There was enormous interest in this case, and this suggests that Ruskin’s responses in Notebook M2 p.140 would have been impossible in 1851, the date given in the heading of M2. The British Museum holds a collection of 200 books and pamphlets written in 1850-51 on the Gorham Judgement (Ralls (1988) p.126). It was the first of several cases in which the secular courts were seen to interfere in religious matters.

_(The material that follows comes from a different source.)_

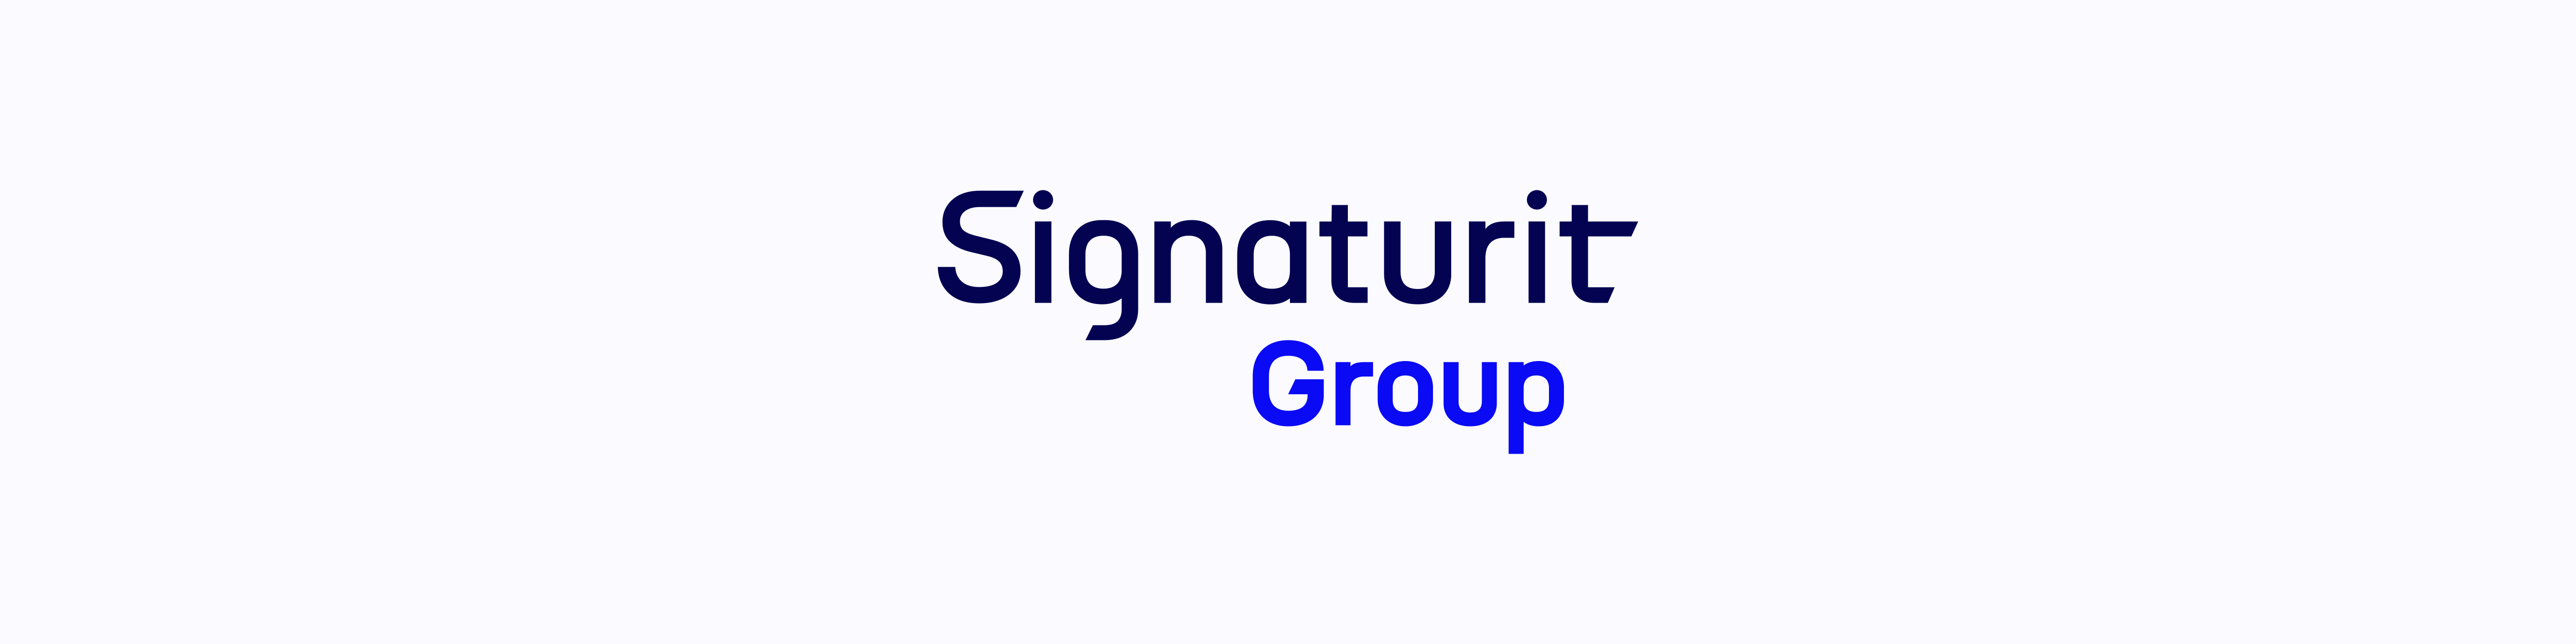 Signaturit Group estrena nueva identidad corporativa para fortalecer la unión de sus marcas  

The ruling may have increased the Tractarian/ Evangelical divide and led to more High Anglicans converting to Catholicism, but it was also responsible for allowing a wide spectrum of individual belief within the Anglican Church.
See Works, 12.lxxv-lxxviii for a summary of the Gorham case, and Works, 12.573 for the essay on Baptism published by Cook and Wedderburn, though unpublished by Ruskin.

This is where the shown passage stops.